Best director is similarly worth noting, as this year marks the first time two women have been nominated: Emerald Fennell (“Promising Young Woman”) and front-runner Chloé Zhao, also the category’s first woman of color. Yuh-jung Youn (“Minari”) is the first South Korean actress to be nominated for an Oscar, appearing in the best supporting actress category alongside eight-time Oscar nominee Glenn Close (“Hillbilly Elegy”).

Best actress is unusual for how varied the lead-up to the Oscars has been: Andra Day (“The United States vs. Billie Holiday”) won the Golden Globe, Viola Davis (“Ma Rainey’s Black Bottom”) landed the Screen Actors Guild award, Frances McDormand (“Nomadland”) earned the British Academy honor and Carey Mulligan (“Promising Young Woman”) was the Critics Choice winner.

Who seems likely to win the major categories?

Boseman has swept the best-actor awards leading up to the Oscars, while best actress appears to be down to Davis and McDormand.

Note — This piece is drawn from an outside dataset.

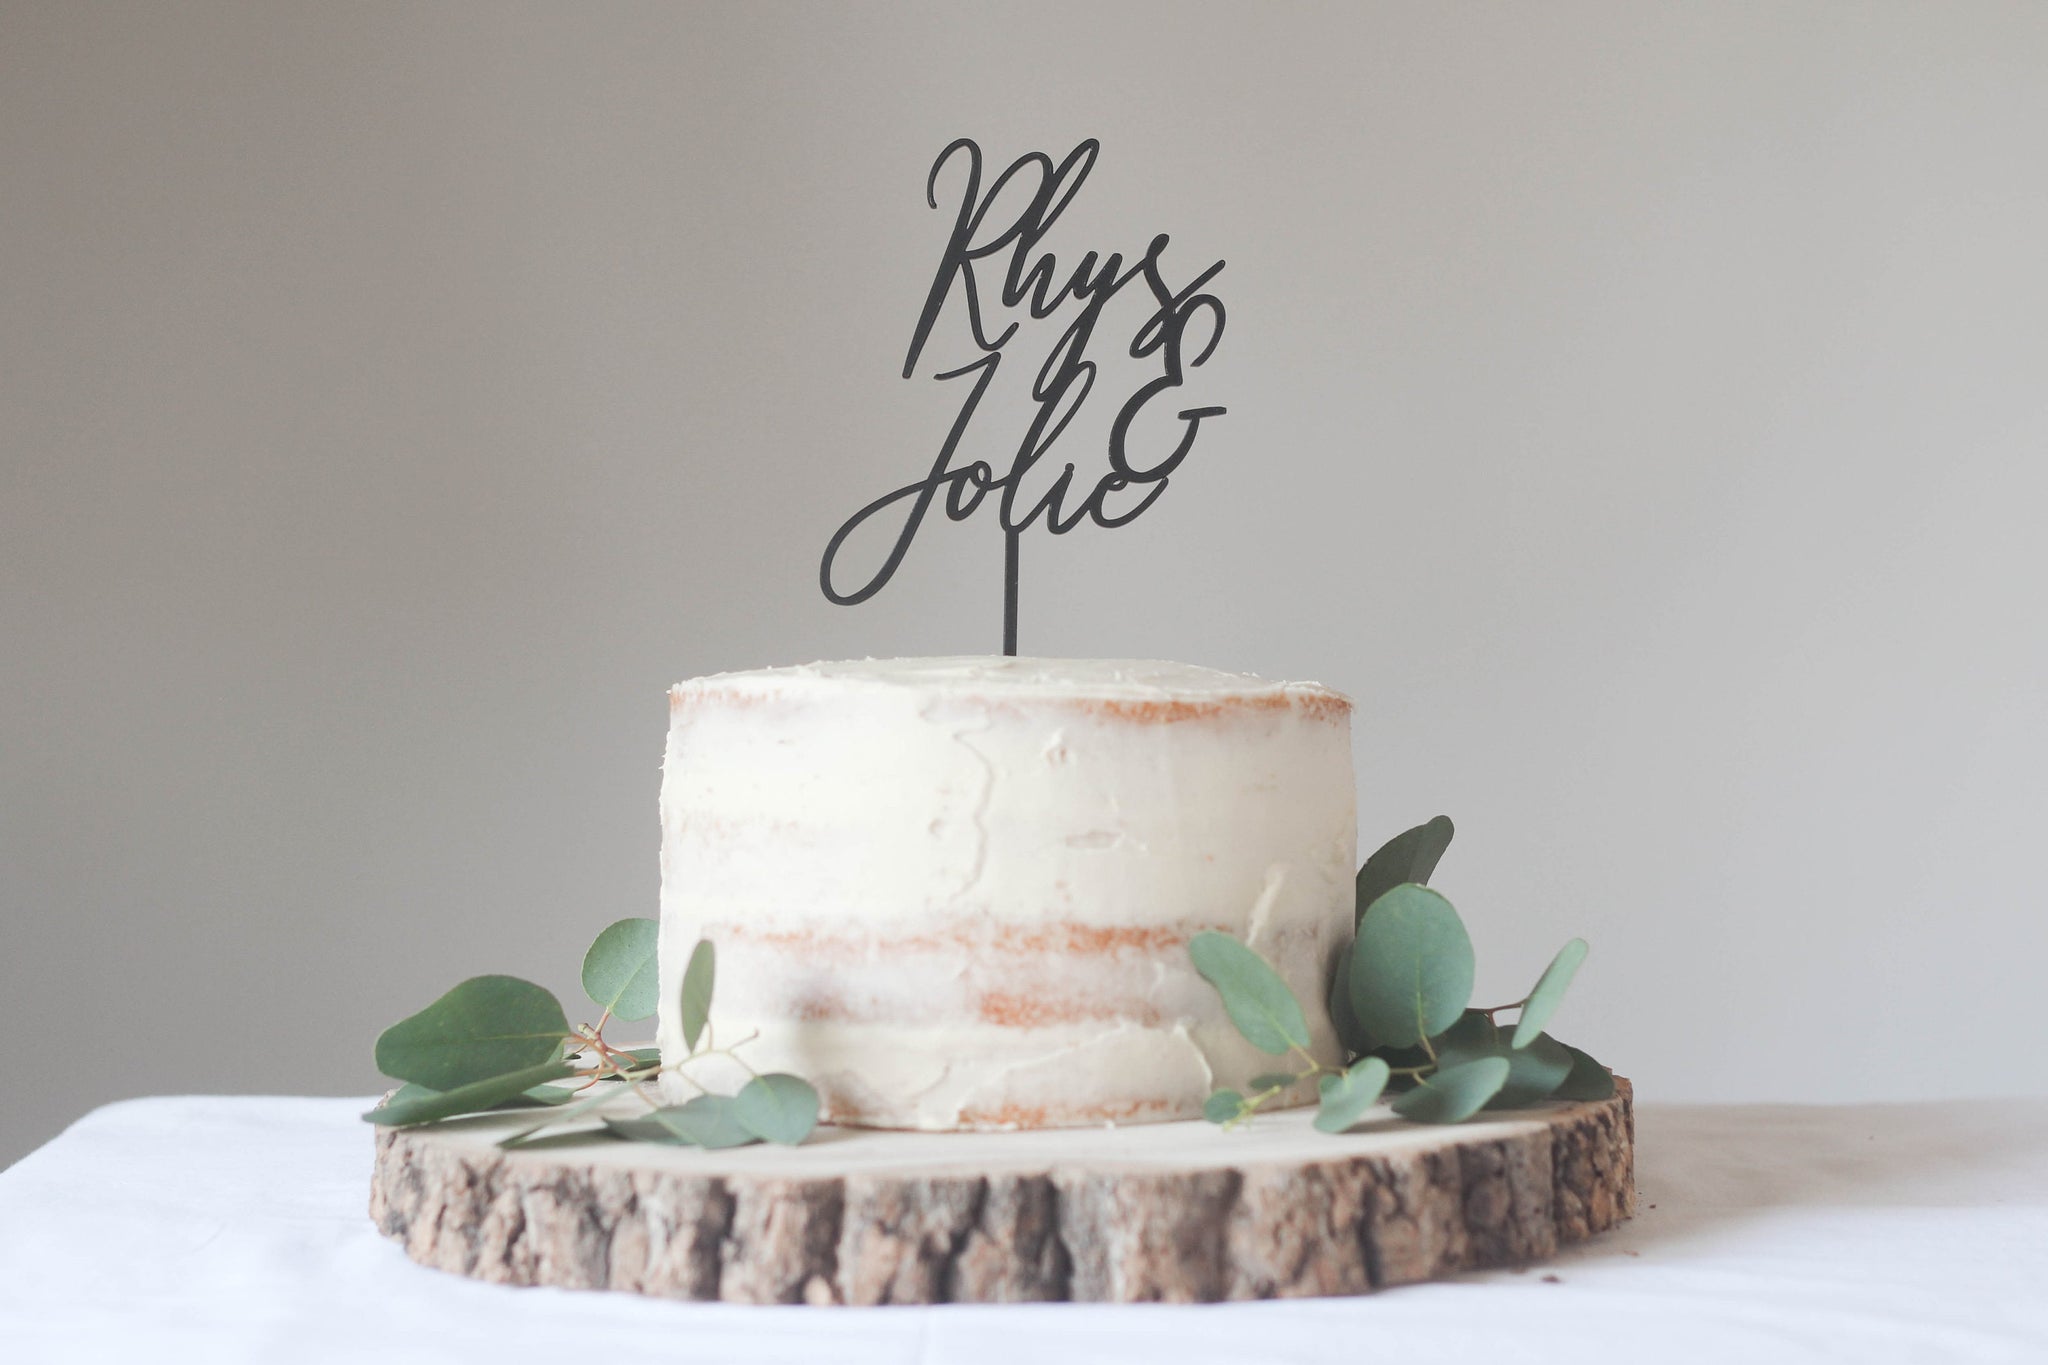 Contemporary Wedding Cake Topper With The Bride And Groom's First Name
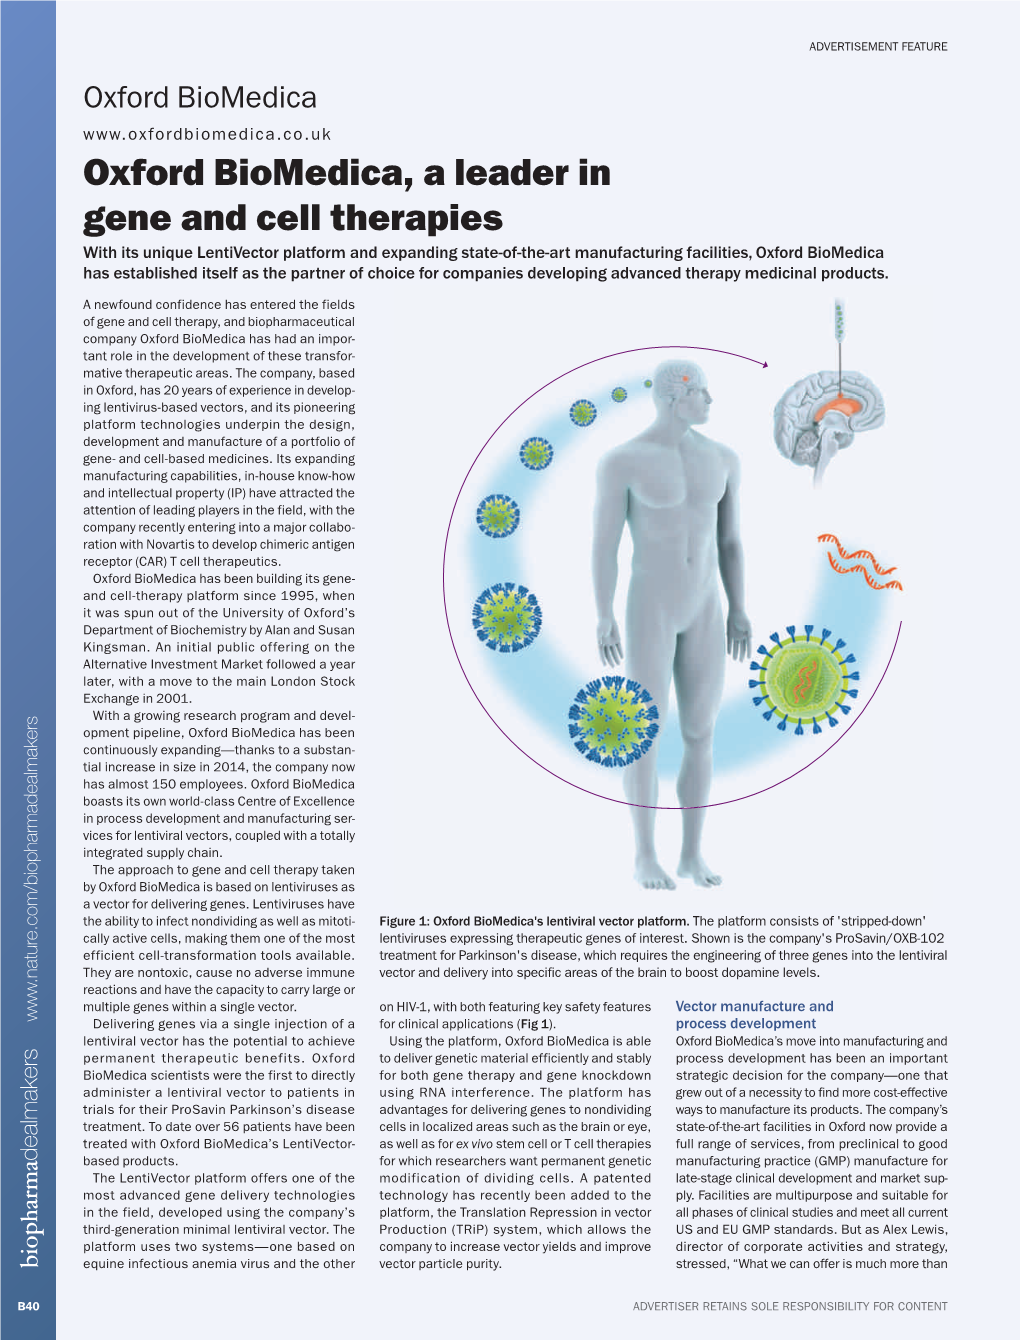 Oxford Biomedica, a Leader in Gene and Cell Therapies

Daniel Kaluuya (“Judas and the Black Messiah”) is the likely winner for best supporting actor, a category that also includes his co-star, LaKeith Stanfield.

The once-competitive supporting actress field has narrowed to front-runner Youn.

Experts have “Nomadland” as the most likely to win best picture, as well as Zhao for directing.

Is there a red carpet?

The red carpet will be folded into a pre-show, for which coverage begins at 6:30 p.m. Sher described the carpet as a “teeny tiny” production, downsized for safety (and to match the smaller guest list).

E! News will begin its live coverage at 5, led by Giuliana Rancic and guest co-host Karamo Brown.

Will there be musical performances?

The musical performances for all five best original song nominees will also be part of the pre-show, though the award itself will be handed out during the ceremony.

Among those performing are Grammy winner H.E.R., nominated for the song “Fight for You” from “Judas and the Black Messiah”; Leslie Odom Jr., the best supporting actor nominee who also received a nod for co-writing “Speak Now” from “One Night in Miami”; and Molly Sandén, a Swedish singer who will perform “Husavik” from “Eurovision Song Contest: The Story of Fire Saga” on location in Iceland.

“I think, as a songwriter, nobody loves having their song truncated down to 20 seconds or put into a medley,” Sher said. “And the artists were all incredibly excited about the approach.”

How do I watch the telecast?

The pre-show will air on ABC at 6:30 pm Eastern time, followed by the ceremony at 8. When it’s over, ABC will transition to an aftershow hosted by Andrew Rannells and Colman Domingo.

The Oscars website says the events can also be streamed online via AT&T TV Now, Hulu Live TV or YouTube TV.